The most important data structure within Sample is the ChatMessage. Note that often datasets will contain a simple string as their input (which is then internally converted to a ChatMessageUser). However, it is possible to include a full message history as the input via ChatMessage. Another useful application of ChatMessage is providing multi-modal input (e.g. images).

Class inspect_ai.model.ChatMessage

Field	Type	Description
`role`	`"system" \| "user" \| "assistant" \| "tool"`	Role of this chat message.
`content`	`str \| list[Content]`	The content of the message. Can be a simple string or a list of content parts intermixing text and images.

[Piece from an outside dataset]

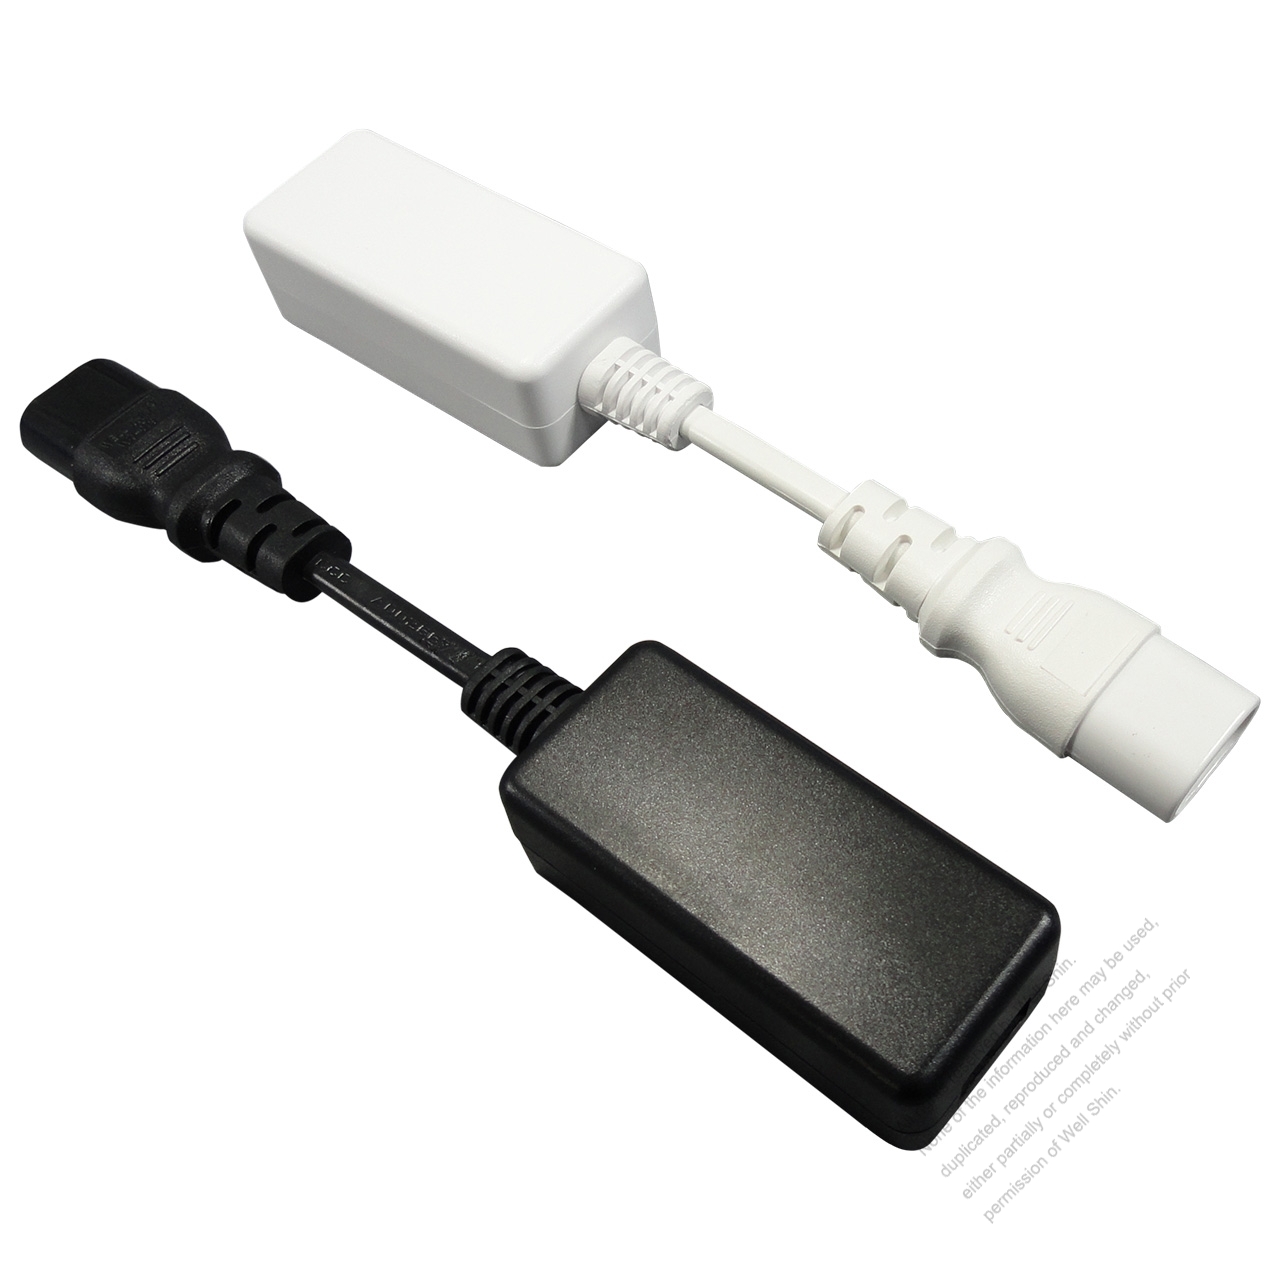 AC/DC 1A IEC 320 Sheet C, 2 prong Plug to USB Outlet Charger, with 15cm AC Cord - Well Shin Technology Ltd.

An input with chat messages in your dataset might will look something like this:

"input": [
  {
    "role": "user",
    "content": "What cookie attributes should I use for strong security?"
  }
]

Note that for this example we wouldn’t normally use a full chat message object (rather we’d just provide a simple string). Chat message objects are more useful when you want to include a system prompt or prime the conversation with “assistant” responses.

Custom Reader

You are not restricted to the built in dataset functions for reading samples. You can also construct a MemoryDataset, and pass that to a task. For example:

from inspect_ai import Task, task
from inspect_ai.dataset import MemoryDataset, Sample
from inspect_ai.scorer import model_graded_fact
from inspect_ai.solver import generate, system_message

dataset=MemoryDataset([
    Sample(
        input="What cookie attributes should I use for strong security?",
        target="secure samesite and httponly",
    )
])

@task
def security_guide():
    return Task(
        dataset=dataset,
        solver=[system_message(SYSTEM_MESSAGE), generate()],
        scorer=model_graded_fact(),
    )

So if the built in dataset functions don’t meet your needs, you can create a custom function that yields a MemoryDatasetand pass those directly to your Task.